> **Activity**:
Write out only the lines from the line that holds "An image showing" to the end of the listing below, inclusive, with the pictures omitted.

> **Data shown**:

------------------------

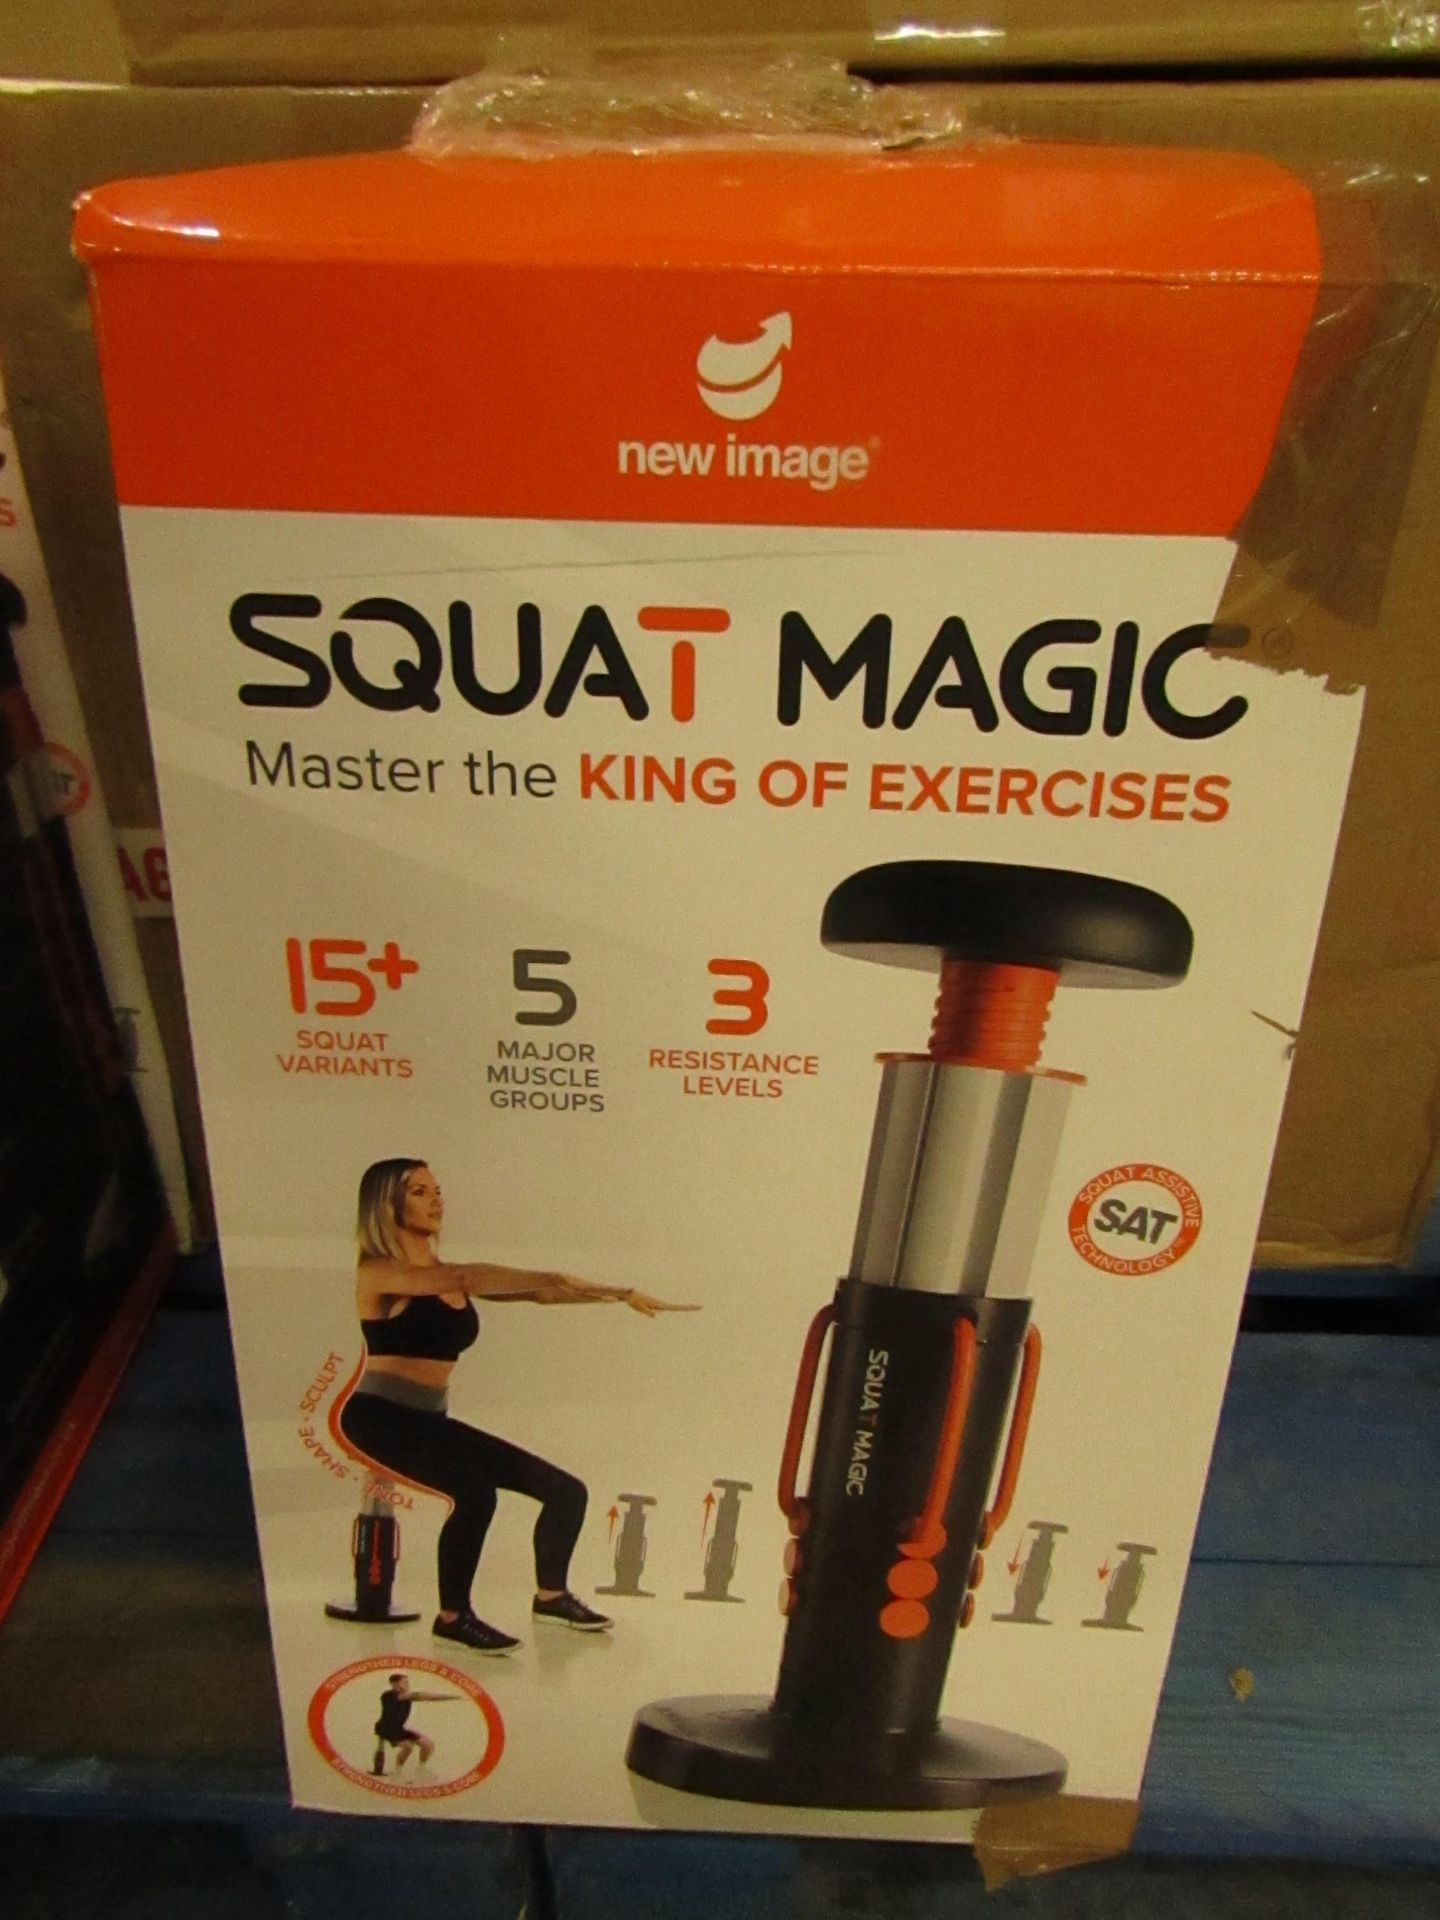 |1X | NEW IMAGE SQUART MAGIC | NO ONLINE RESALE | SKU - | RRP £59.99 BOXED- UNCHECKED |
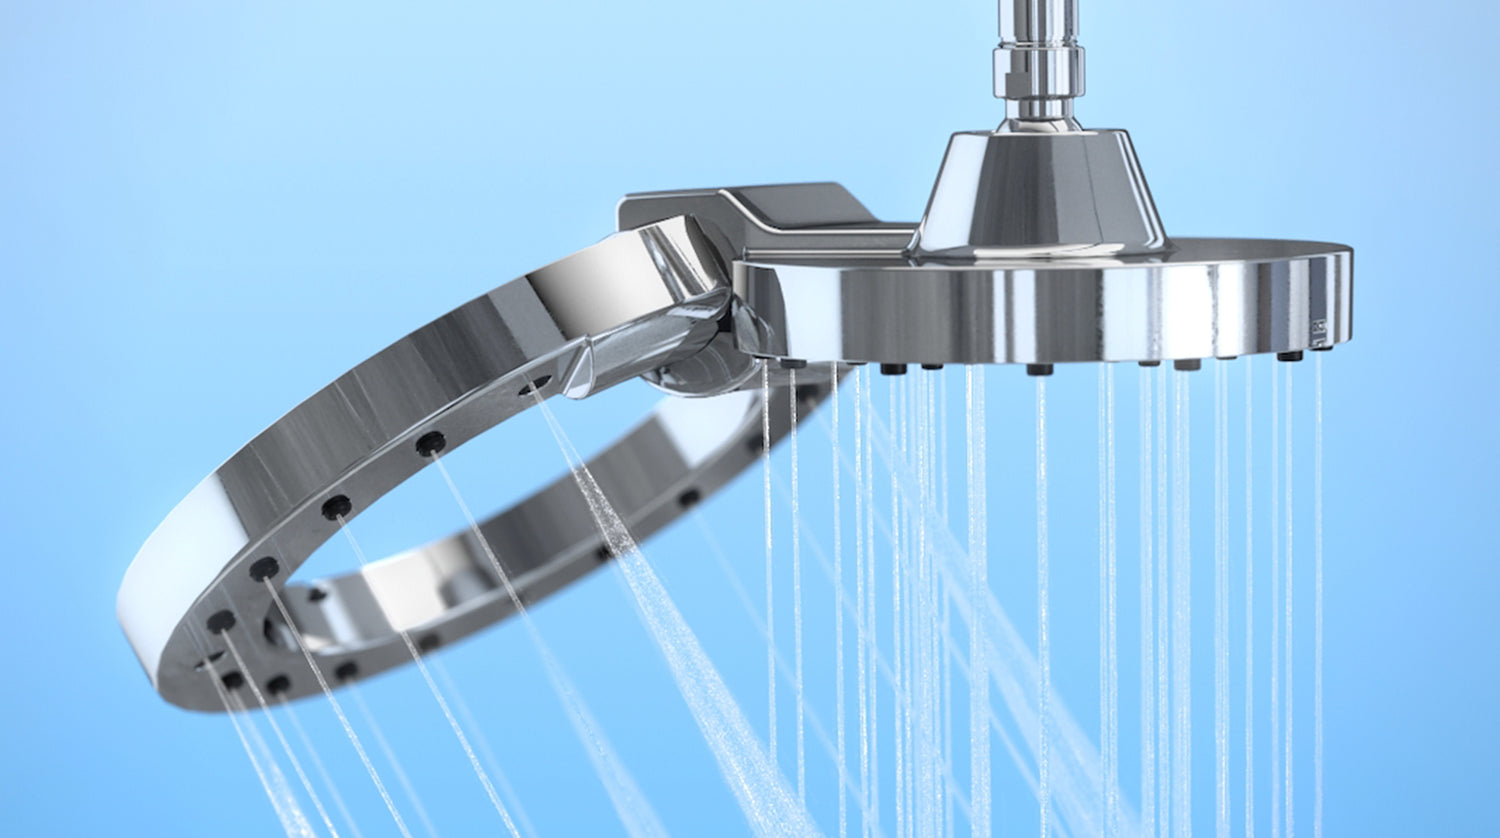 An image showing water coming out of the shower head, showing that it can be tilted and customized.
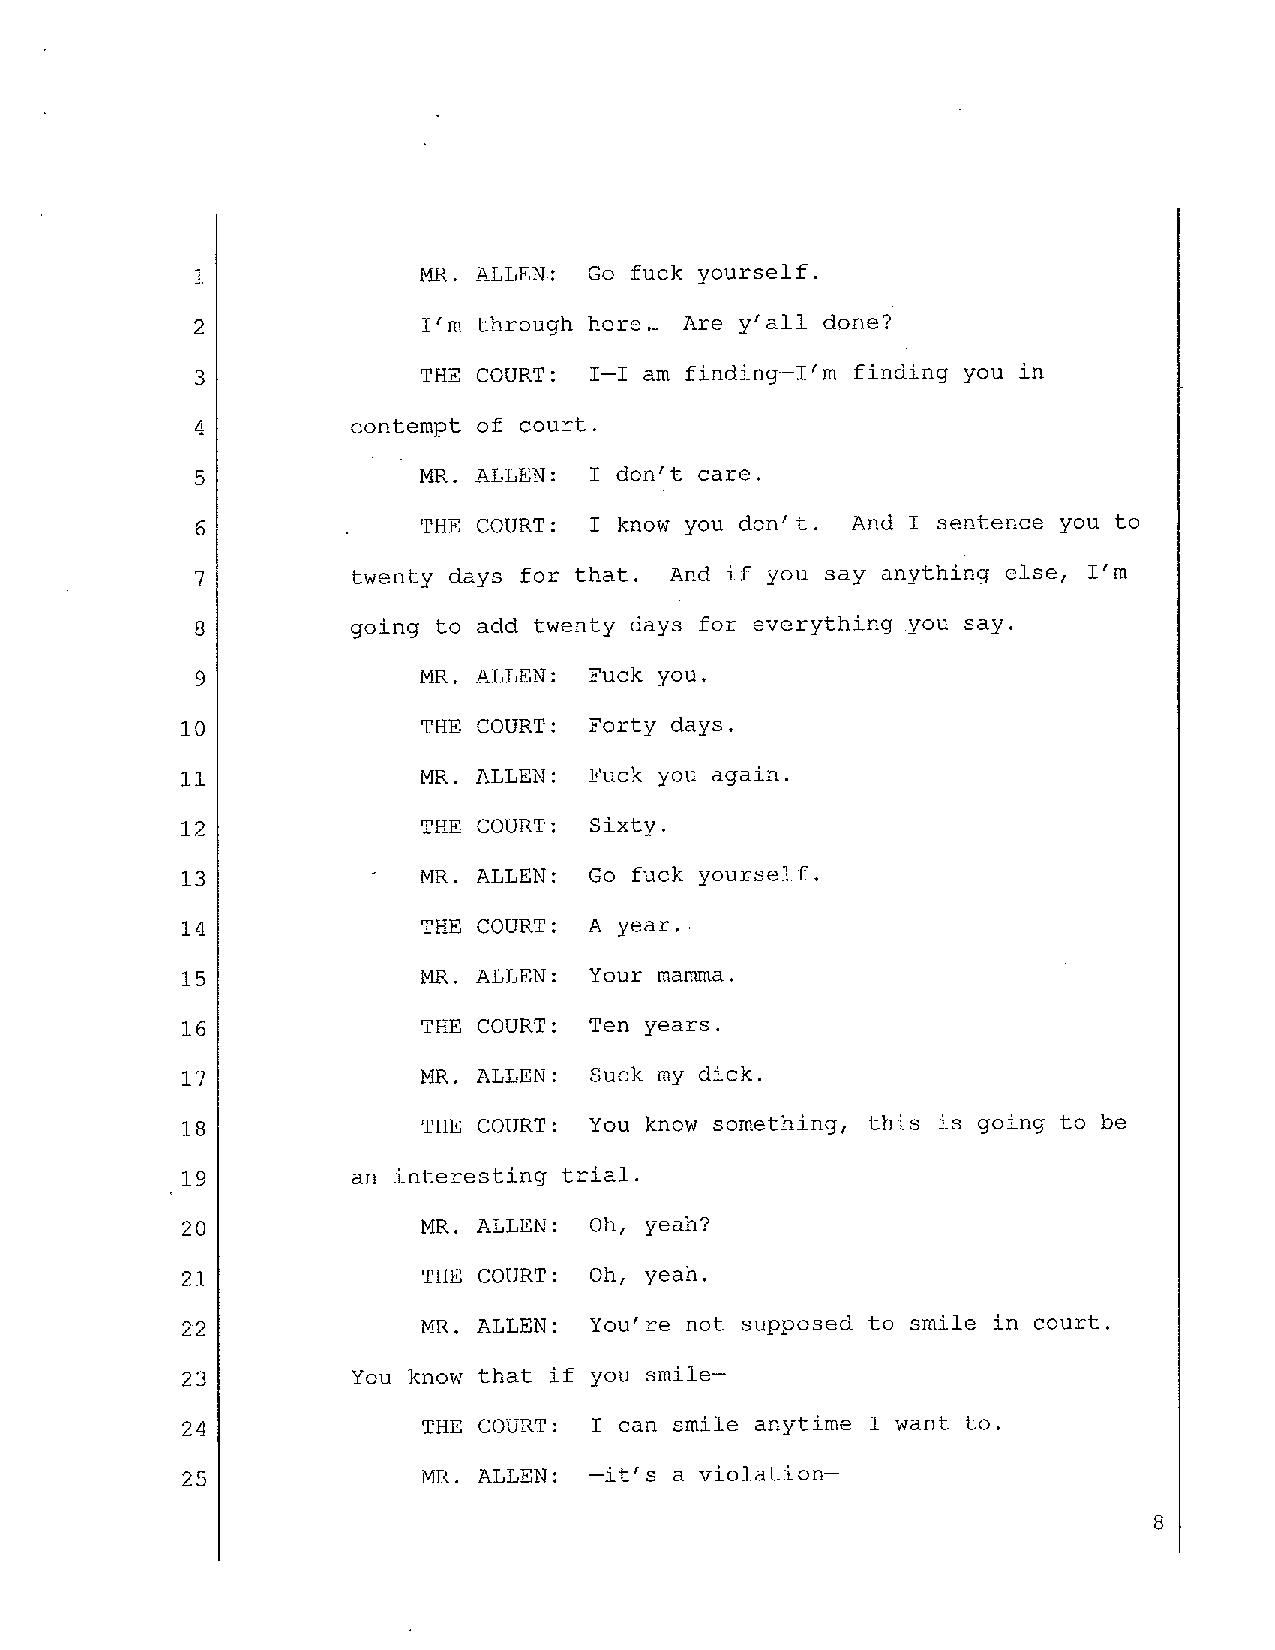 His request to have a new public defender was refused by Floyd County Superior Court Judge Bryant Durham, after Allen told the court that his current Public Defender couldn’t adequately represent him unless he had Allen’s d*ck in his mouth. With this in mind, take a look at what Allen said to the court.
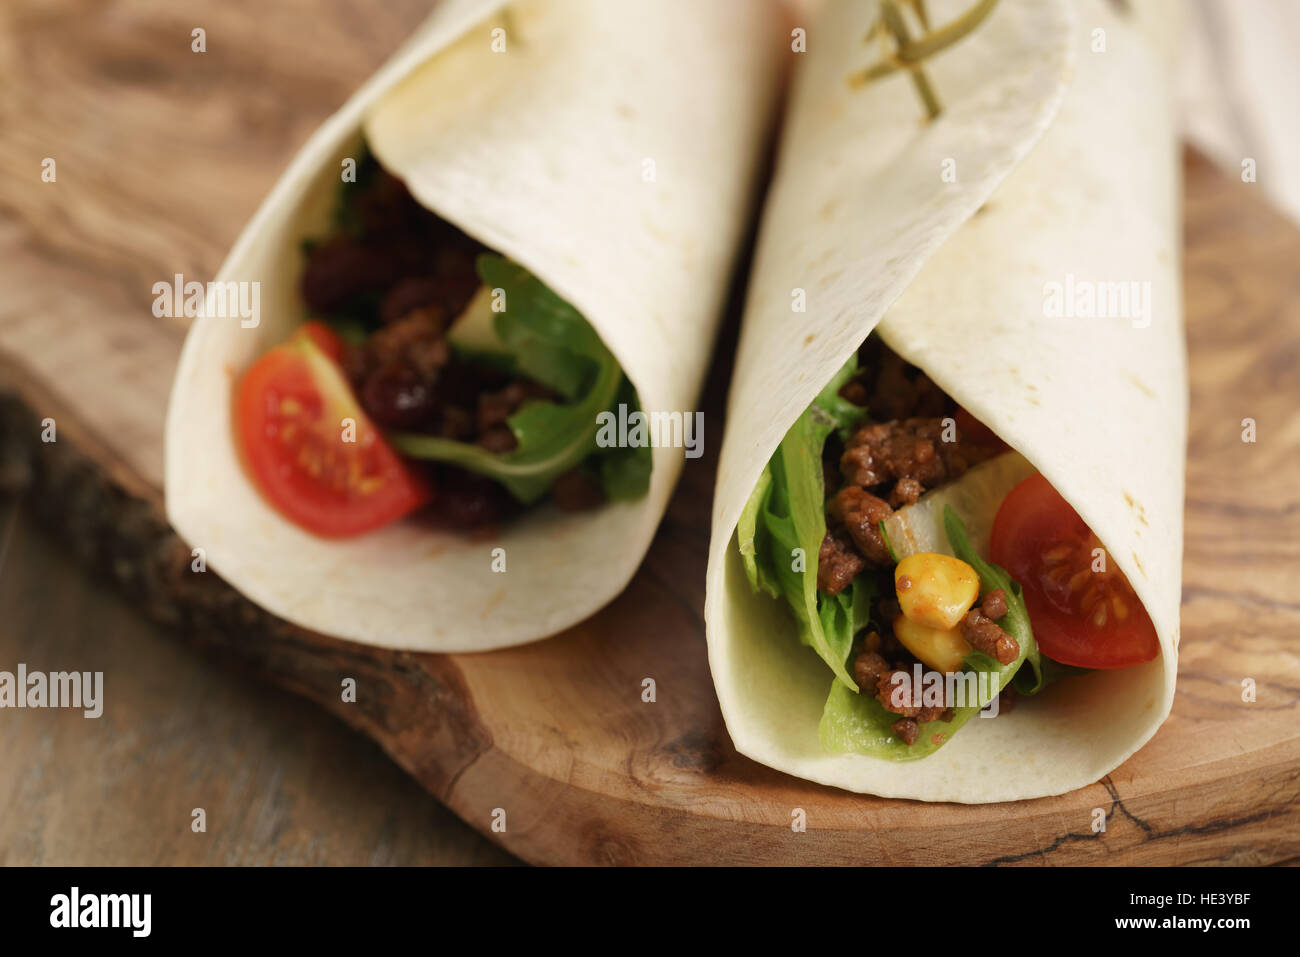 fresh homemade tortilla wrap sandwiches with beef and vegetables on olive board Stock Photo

------------------------

> **Output of the exercise**:
 An image showing water coming out of the shower head, showing that it can be tilted and customized.
 His request to have a new public defender was refused by Floyd County Superior Court Judge Bryant Durham, after Allen told the court that his current Public Defender couldn’t adequately represent him unless he had Allen’s d*ck in his mouth. With this in mind, take a look at what Allen said to the court.
 fresh homemade tortilla wrap sandwiches with beef and vegetables on olive board Stock Photo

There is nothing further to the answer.